Photo credit: Flickr user Cherrysweetdeal

With six days to go before January 1st and both Clinton tax rates and the spending sequester takes effect, some in Washington are desperate to cut a deal, even if it’s a bad deal that involves painful cuts to Social Security benefits.

CNN reports that Starbucks CEOAi??Howard Schultz has written a letter to his chain’s 120 stores in the Washington, D.C. area to ask employees there to write “Come Together” on coffee cups on Thursday and Friday.

“Rather than be bystanders, you and your customers have an opportunity — and I believe we all have a responsibility — to send our elected officials a respectful but potent message, urging them to come together to find common ground,” Schultz wrote in his letter to the stores. He also apparently cited Fix The Debt, the powerful corporate front group that has been pushing for an agreement to cut Social Security benefits and lower corporate tax rates for months.

In a statement to CNN, the company stressed that these messages are voluntary.

But by even asking employees to voluntarily influence lawmakers to reach an agreement, Schultz is inappropriately pressuring them to take a political stand they may not agree with. For example, some of these employees may benefit from veterans or Social Security benefits that are at risk of being cut in a bad deal.

Starbucks employees should be able to decide for themselves what politics they endorse and should not be asked to write these messages as a part of their employment.

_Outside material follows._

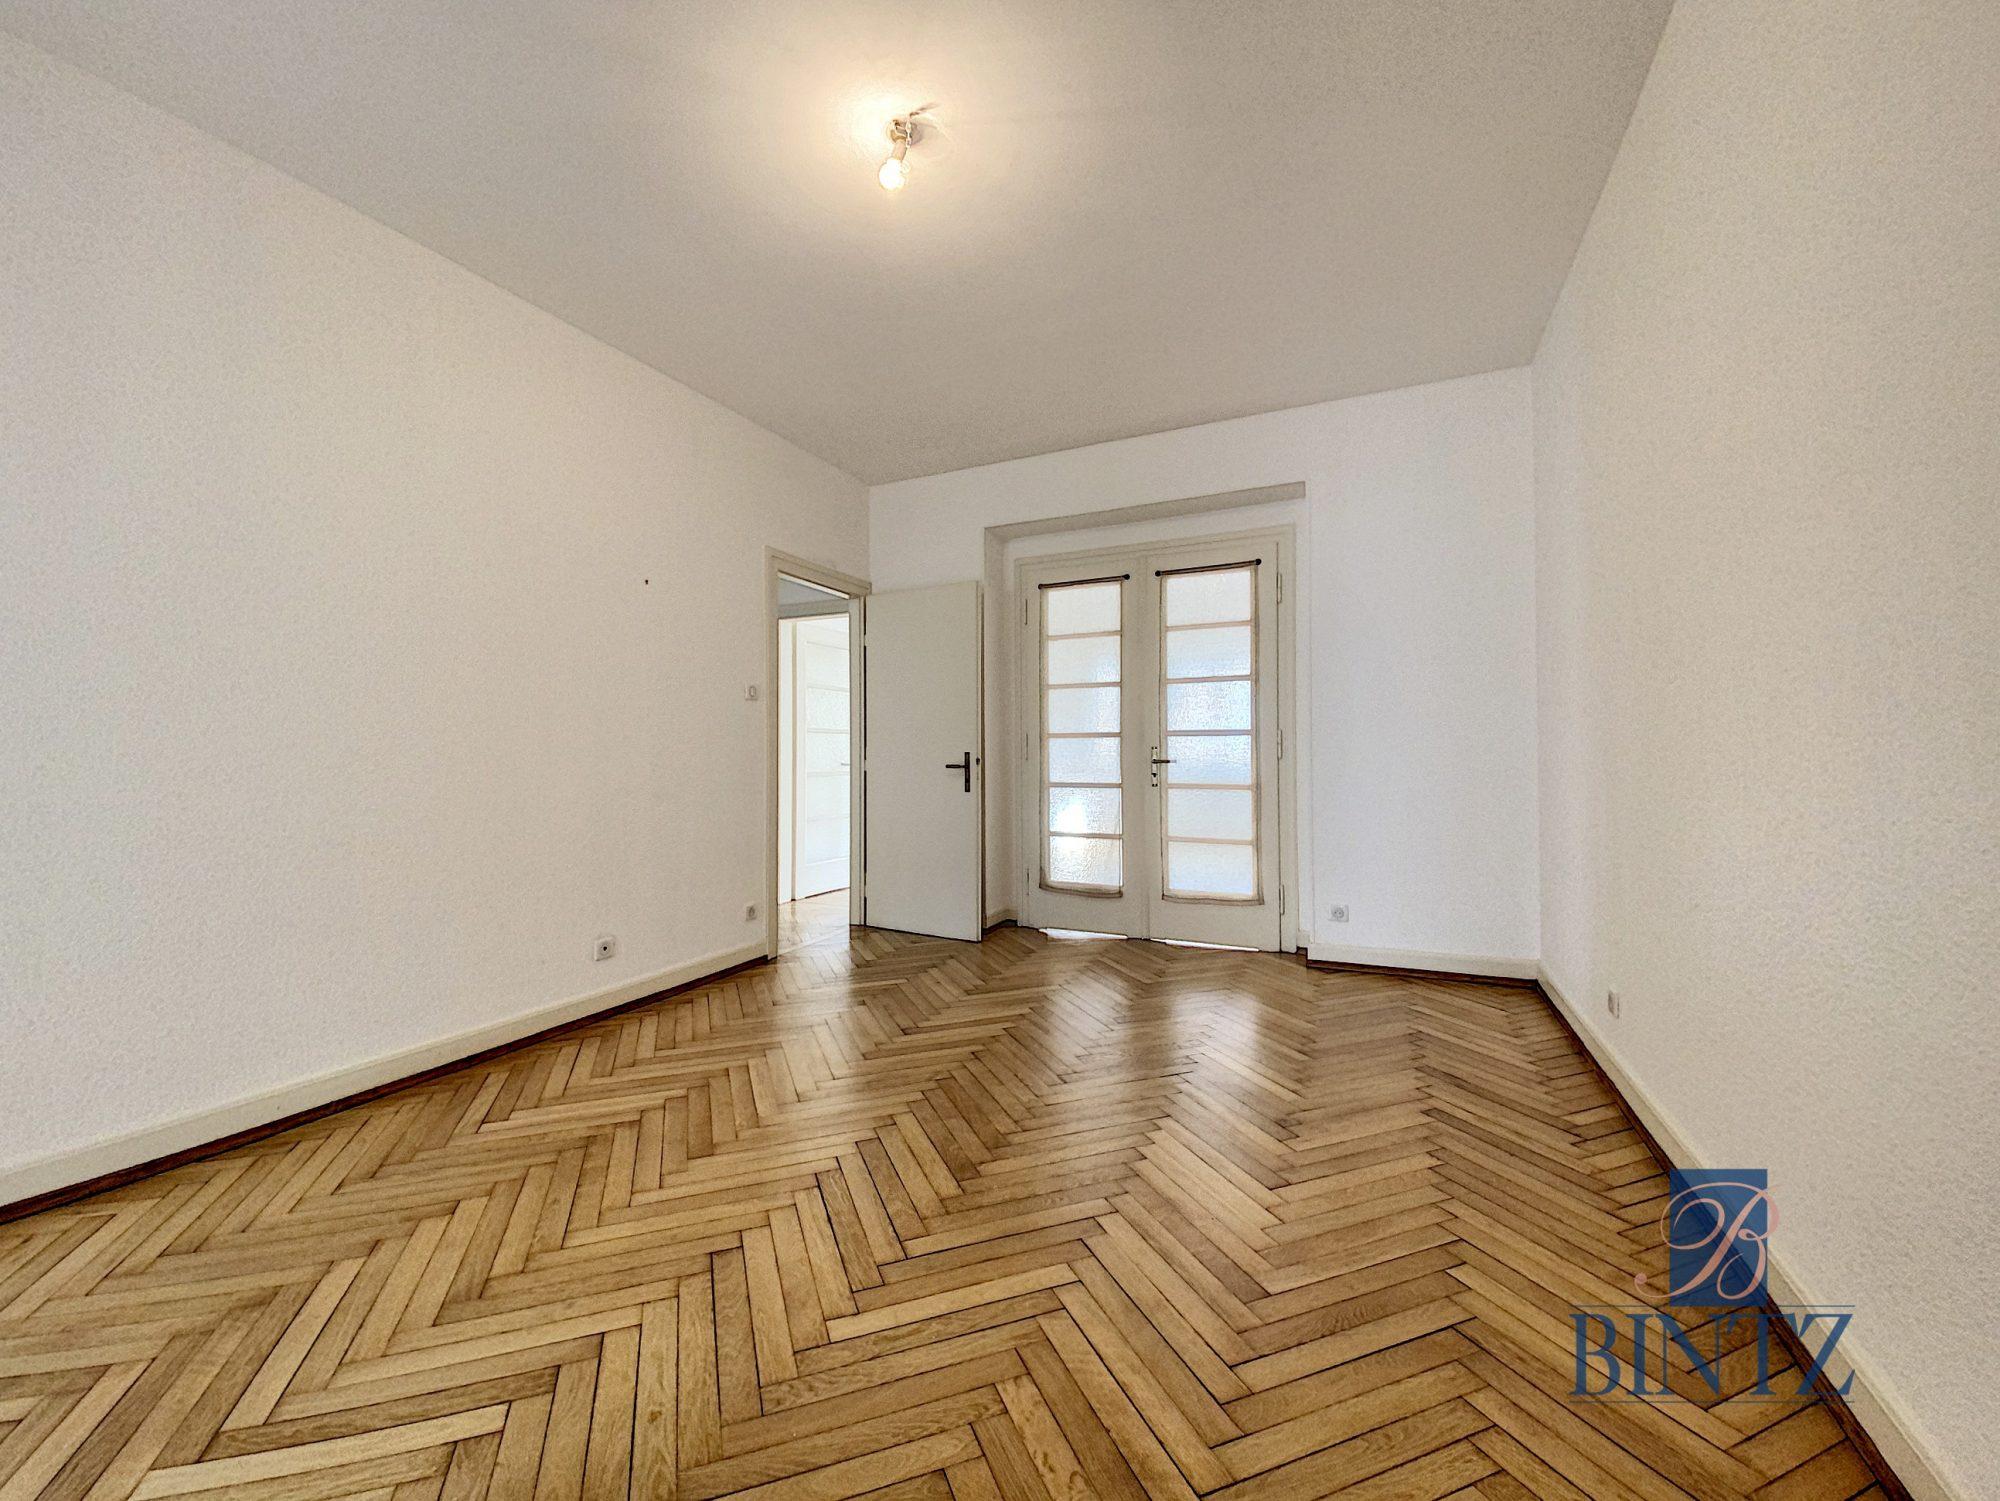 2 pièces orangerie avec balcon - Devenez locataire en toute sérénité - Bintz Immobilier - 2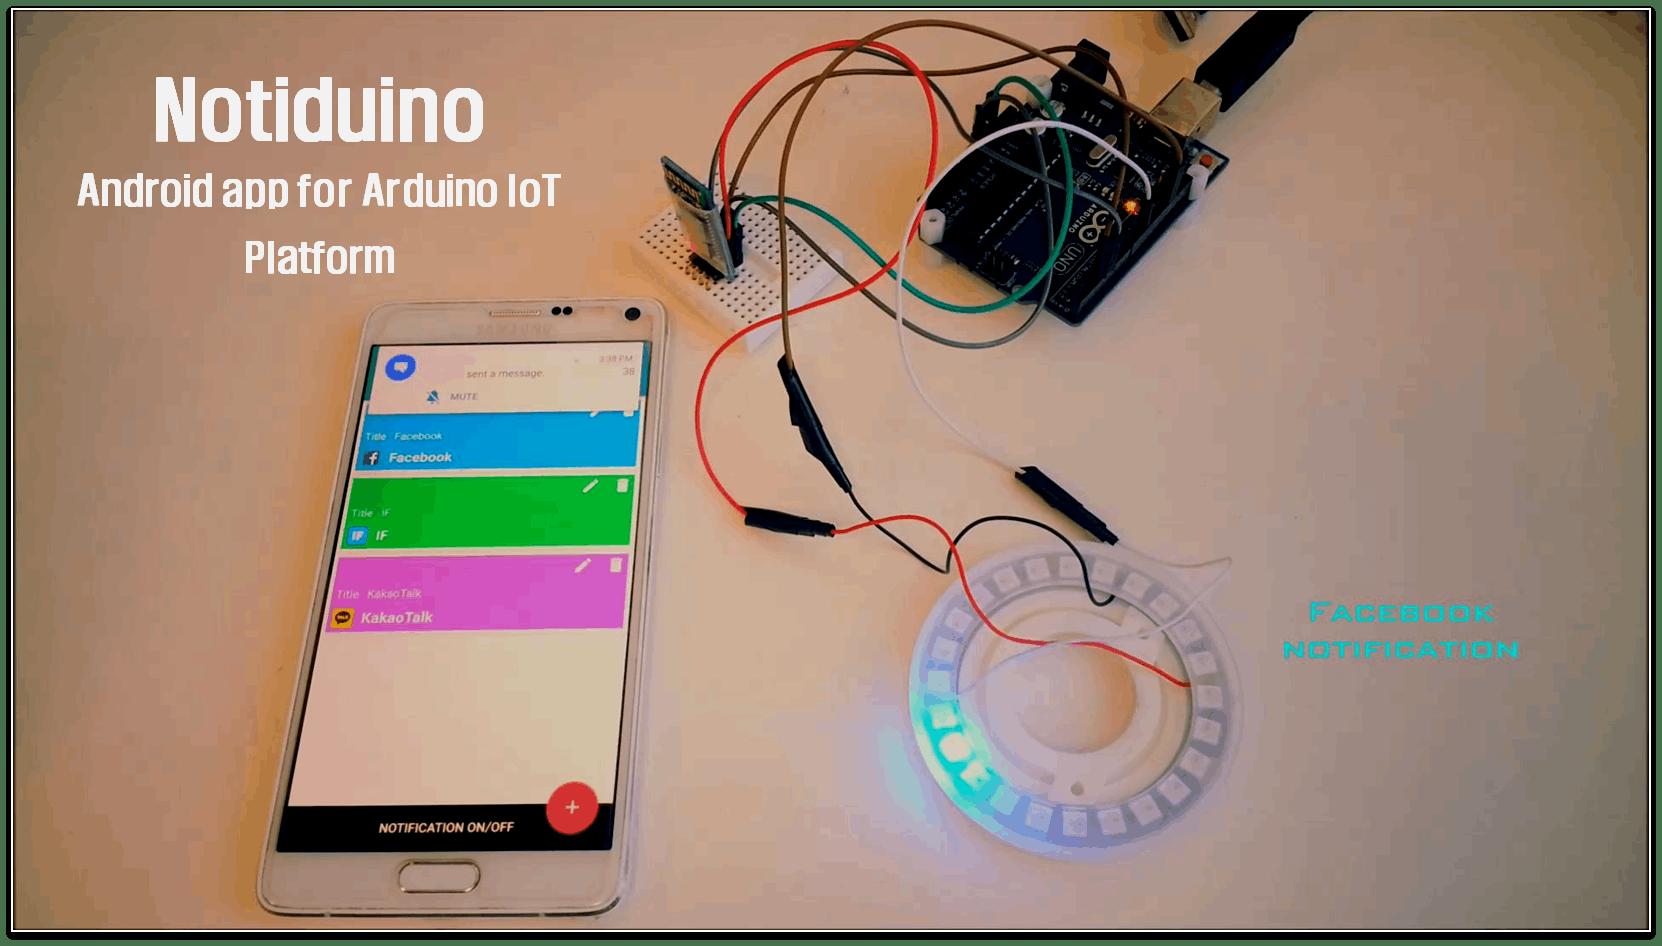 Notification IoT Using NeoPixel and Smartphone

UPDATE: Read the full letter from Schultz here. It claims, without evidence, that the United States is experiencing a debt “crisis.” Schultz also pivots from sympathy for the Sandy Hook massacre to the need to come together to address this so-called “crisis.”

UPDATE II: I talked to a Starbucks employee in the D.C. area. This is what they had to say about being asked to take part in this campaign:

[It’s] absolutely stupid. I don’t get paid nearly enough to write that on all the cups. It’s like I’m being punished in elementary school, except instead of a chalkboard, I have hundreds of cups. The message is Starbucks doesn’t care about their “partners.” They will be forced to do more work that is necessary or good, and not compensate them for it, and try to put out their message even if the “partner” doesn’t agree with it. … Compromise would get something done, but it’ll leave a [bad] deal for the working poor and the middle class.